# skid steer grapple bucket help needed



## jjw4413 (Aug 4, 2009)

Just starting out and was wondering if anyone has recommendations on a (good) grapple bucket for my bobcat t300 high flow. I will use the bucket to remove bushes,slash piles and downed trees. Any help would be great.


John


----------



## maloufstree (Aug 4, 2009)

If you are going to mostly use if for tree work I would go with the grapple rake instead of the bucket. Mine is a FFC, I think made by Bradco and its all you could ask for in a grapple.


----------



## pdqdl (Aug 6, 2009)

:agree2:

A grapple bucket still has sides, and it won't load logs worth a hoot. A good grapple rake can screen out the smaller stuff and grab huge piles of brush.

On minor drawback: a grapple rake has problems picking up piles of firewood. Since the grapple is only one piece, they tend to jam open on one piece of wood, and all the smaller pieces fall out. The grapple bucket usually has two independent grapples, so they are much better at scooping up firewood. Brush and logs: no.

Most grapple rakes have long points on the grapple part. You should be aware that your t-300 will have no trouble bending the points if you make a habit of treating it like a toothed bucket, plowing into the dirt and rocks.

Beware pushing into large loads too hard with the upper grapple. Your loader can probably push into a load harder than the leveraged cylinder mount points can take. Your cylinders may break off the mounting points if you open the grapple all the way and then drive into a load too hard.

We did that several times with our A300.


----------



## Ed*L (Aug 6, 2009)

I think Bobcat makes a root grapple that should do what you want. I looked at their website, but no picture.

I've got a 4:1 bucket on my Bobcat, you can grab & carry logs, but thats about it. The brush rake type grapple is better, but as pdqdl said, it's got limitations.
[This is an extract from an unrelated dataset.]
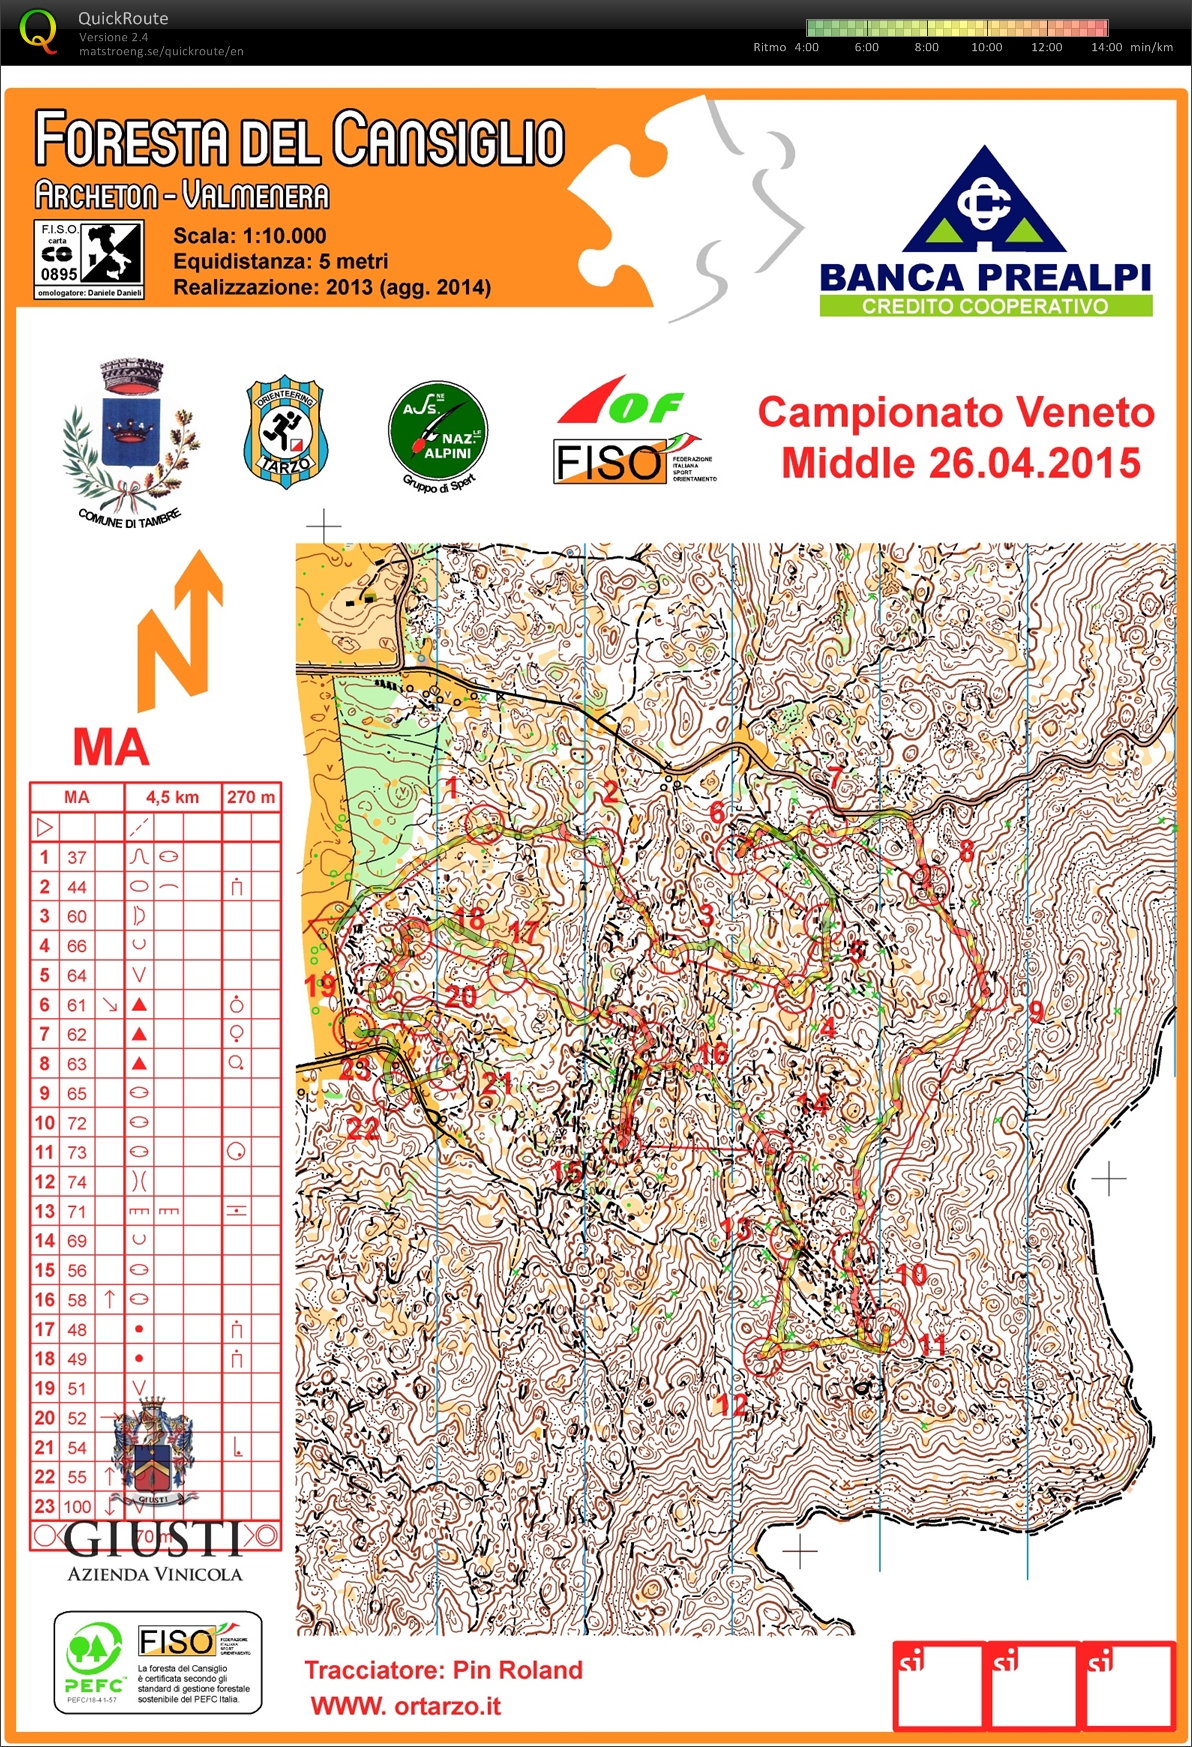 Campionato Veneto Middle 2015 (26/04/2015)

This one belongs to a friend, a little big for my 743, but it works. I don't have any mfg info for it, my buddy bought it used. It was set up with a telehandler or compact loader quicktach, he converted it to a skidsteer mount. He also added the replacable teeth on the lower tines. I will say that the quality of the welds and overall workmanship do leave something to be desired, it's not the quality you see on a Bobcat brand attachment.












Ed


----------



## gink595 (Aug 6, 2009)

I have a 74" root grapple, I like it alot for moving brush and trees, I can move a lot of brush in little time. for a 300 it would handle it fine, mine is a little to big for my 773, it's heavy. I paid 2K for it new through a local distributor, alot cheaper than the Bobcat brands.


----------



## Ed*L (Aug 6, 2009)

Thats the style I was suggesting. IMO, way to go.

Ed


----------



## pdqdl (Aug 6, 2009)

gink595: that looks like a pretty good design. You have independent top grapples, and relatively short points on the bottom. You have triangular bracing on the lower points, which is critical to avoid bending them.

We had to weld similar braces onto our grapple, 'cause my guys kept bending the points back.

The extra long lower section will give you a huge opening for grabbing big piles of brush, but it will also set the load quite a bit forward from the loader. It will take a big machine to run that grapple.


----------



## bullbuck (Aug 6, 2009)

i ran a bobcat brush grapple with removable steel spikes as the lower half of the grapple it worked great,but the visibility was horrible when trying to skim brush without pulling up dirt you basically dit it blind just on feel,it would have been much easier if i could see what i was doing,p.s. look up eagle talon grapples they look pretty sweet to me


----------



## TackleTree (Aug 8, 2009)

I like the versatility of the grapple bucket with a solid bottom. Good for the small clean up and for back dragging if needed, etc... Just make sure the sides are cut out and having dual cylanders on the top is vital no matter which style you choose


----------